Current guidance: individualize the decision. Students targeting highly competitive specialties (dermatology, orthopedic surgery) or specific geographic regions may still benefit. Students targeting primary care or less competitive specialties can likely focus exclusively on COMLEX Level 1. Talk to your school's residency advisors before deciding.
Registration and Retake Policies
Here's the practical logistics at a glance:
Registration happens through the NBOME Portal after your COM certifies eligibility
Exam fee is approximately $745 (verify current pricing on the NBOME website)

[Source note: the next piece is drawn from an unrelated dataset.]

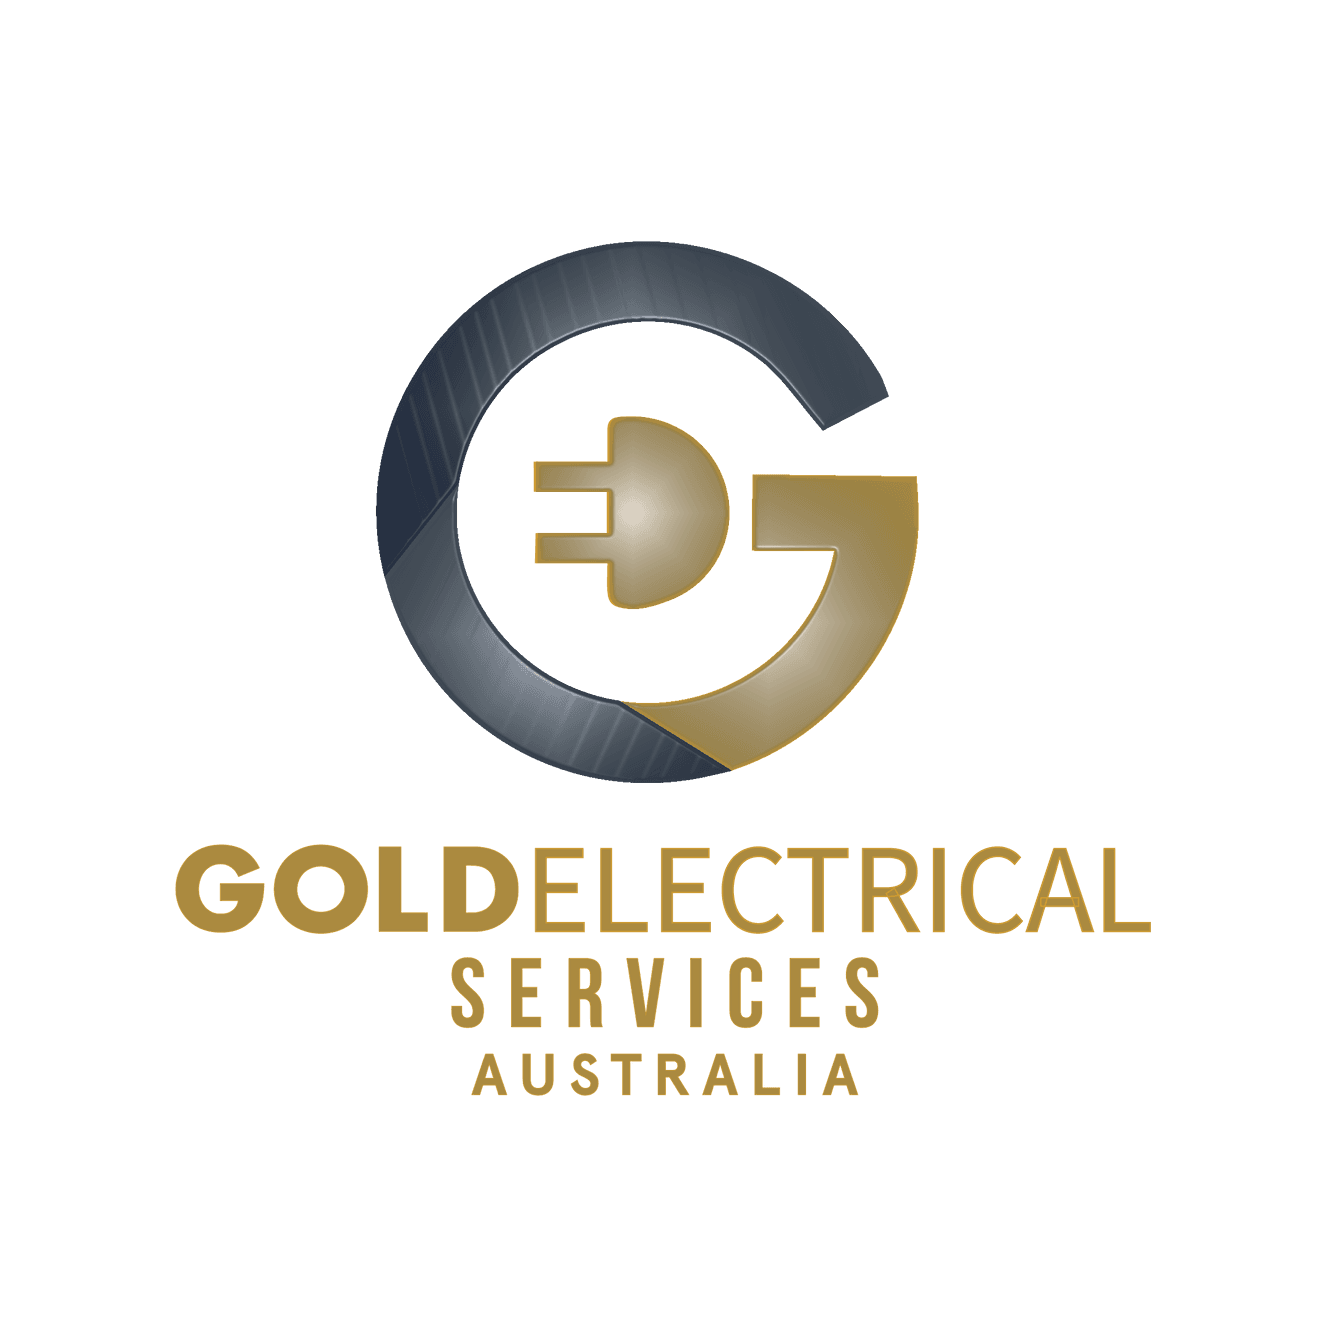 Product Services | Gold Electrical Services Australia Pty Ltd image

Scheduling is available up to 6 months in advance at Pearson VUE centers — book early, as May–June dates fill quickly
Score release occurs 4–6 weeks after each testing window closes
Maximum attempts: 4 scored attempts per exam level, with a 60-day waiting period between the first and second attempts and 90 days between subsequent attempts
Rescheduling fees apply for changes within 30 days of your exam date
Key Takeaways
COMLEX Level 1 remains a defining milestone in your osteopathic medical education, even with pass/fail scoring. Here's what to remember:
The exam is 352 questions across 8 hours (changing to 320 in May 2026) — a genuine test of knowledge and endurance
The COMLEX Level 1 passing score is criterion-based at 400, but you'll only see "Pass" or "Fail" on your report
The national COMLEX Level 1 pass rate sits around 90%, meaning roughly 1 in 10 students fail on their first attempt
When figuring out how to study for COMLEX Level 1, prioritize practice questions, start early, build a phased schedule, and don't skip OMM
The best resources for COMLEX Level 1 come down to 2–3 core tools mastered deeply — a strong QBank (COMBANK, UWorld, or AMBOSS), a content review system (First Aid + Pathoma + Sketchy), and the Savarese green book for OMM
Pass COMLEX Level 1 confidently, then channel your energy into excelling on Level 2-CE — because in the post-pass/fail world, that's the score that opens residency doors.